Not a UFO. A giant inflatable donut in space!

A new inflatable heat shield design from NASA and United Launch Alliance might be the key to safely landing the huge interplanetary spaceships humanity will need one day, if we are going to colonize Mars. The new heat shield – now being developed and soon-to-be tested – looks like a flying saucer, straight out of a 1950s thriller sci-fi movie.

The new shield – called the Hypersonic Inflatable Aerodynamic Decelerator (HIAD) – has been in the works for several years. It consists of a set of super strong balloons, built to withstand the extreme heat of an atmospheric re-entry. When lashed together, the structure looks a whole lot like a classic saucer-shaped UFO. NASA describes it like this:

The HIAD design consists of an inflatable structure that maintains its shape against the drag forces, and a protective flexible thermal protection system that withstands the heat of reentry. The inflatable structure is constructed with a stack of pressurized concentric rings, or tori, that are strapped together to form an exceptionally strong blunt cone-shaped structure.

The test mission – LOFTID (the Low-Earth Orbit Flight Test of an Inflatable Decelerator) – will fly to space aboard a ULA Atlas V 401 rocket. It’ll launch from Vandenberg Space Force Base in California no earlier than November 1, 2022. NASA will provide live coverage of the launch.

What goes up must come down

The test mission is hitching a ride with a NOAA weather satellite. Once the main payload is deployed to orbit, the heat shield will balloon to its full 6-meter (19.7-foot) diameter and launch a beacon to transmit test telemetry.

The UFO-like saucer will then fall to Earth on a spin-stabilized path called a ballistic trajectory. It’s due to splash down off the coast of Hawaii in the Pacific Ocean. And it’ll eject its data recorder before hitting the water.

Conquering the Red Planet

Space engineers believe that an enormous heat shield like HIAD will be needed, when humanity begins making its way to Mars and beyond … not just to visit, but to stay. NASA said in a statement:

Since HIAD technology is larger than traditional aeroshells, it creates more drag and starts the deceleration process in the upper reaches of the atmosphere, allowing not only heavier payloads, but also landing at higher altitudes.

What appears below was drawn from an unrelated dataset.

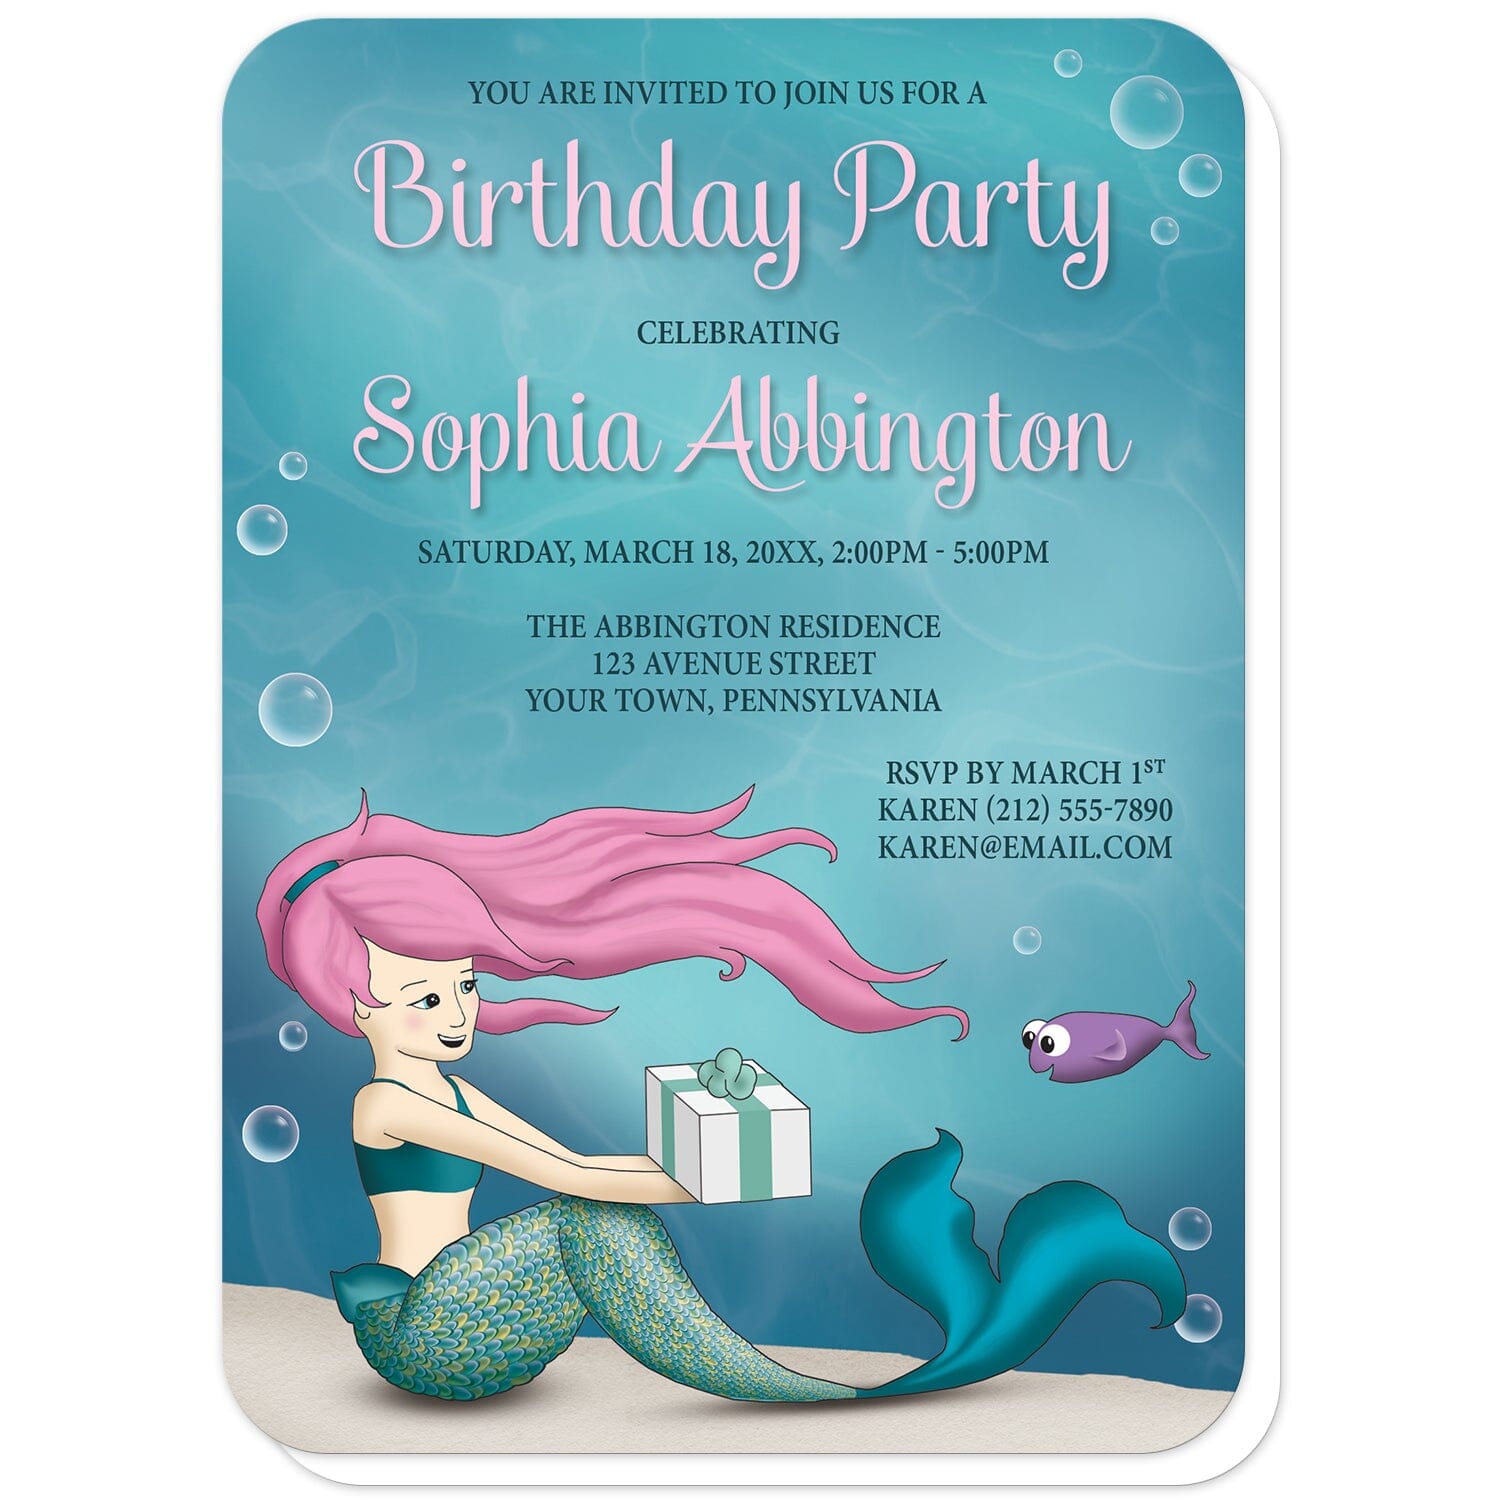 Under the Sea Mermaid Birthday Party Invitations (with rounded corners) at Artistically Invited. Uniquely illustrated under the sea mermaid birthday party invitations with a mermaid with pink hair receiving a gift from a happy little purple fish. This underwater illustration has an aqua blue water background sprinkled with whimsical bubbles. Your personalized birthday party celebration details are custom printed in pink and dark blue over the underwater design.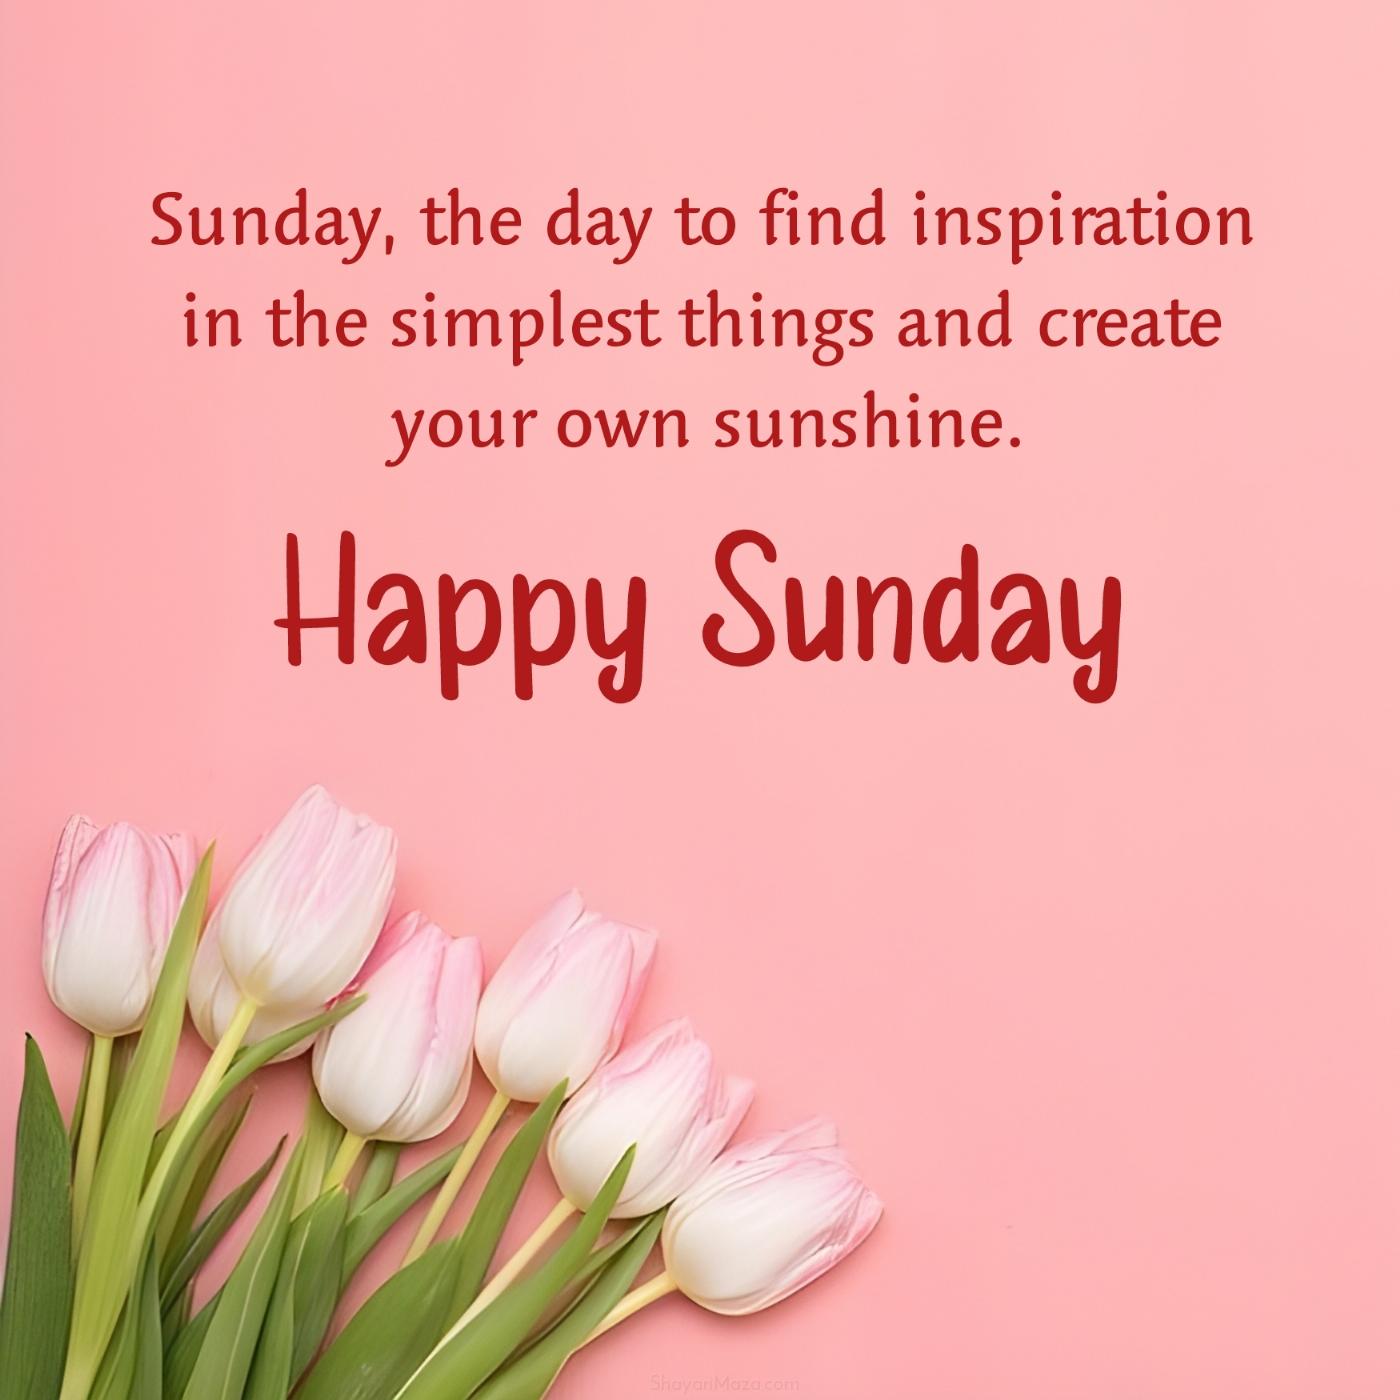 Sunday the day to find inspiration in the simplest things

The key there is the word heavier. A heat shield like HIAD will allow, for example, large satellites now sitting dead in Earth-orbit, to be returned intact to Earth for refurbishment and recycling. And the powerful heat shield will also make possible for big heavy cargo ships to land on Mars, carrying the masses of equipment humanity will need to face the rigors of the Red Planet. NASA said:

The atmosphere of Mars is much less dense than that of Earth and provides an extreme challenge for aerodynamic deceleration. The atmosphere is thick enough to provide some drag, but too thin to decelerate the spacecraft as quickly as it would in Earth’s atmosphere.

HIAD bridges that gap, providing better braking than conventional shields over a much larger area.

It’ll be useful for both robotic and manned missions, NASA said.

Bottom line: NASA and the United Launch Alliance will test an innovative inflatable heat shield design in early November 2022.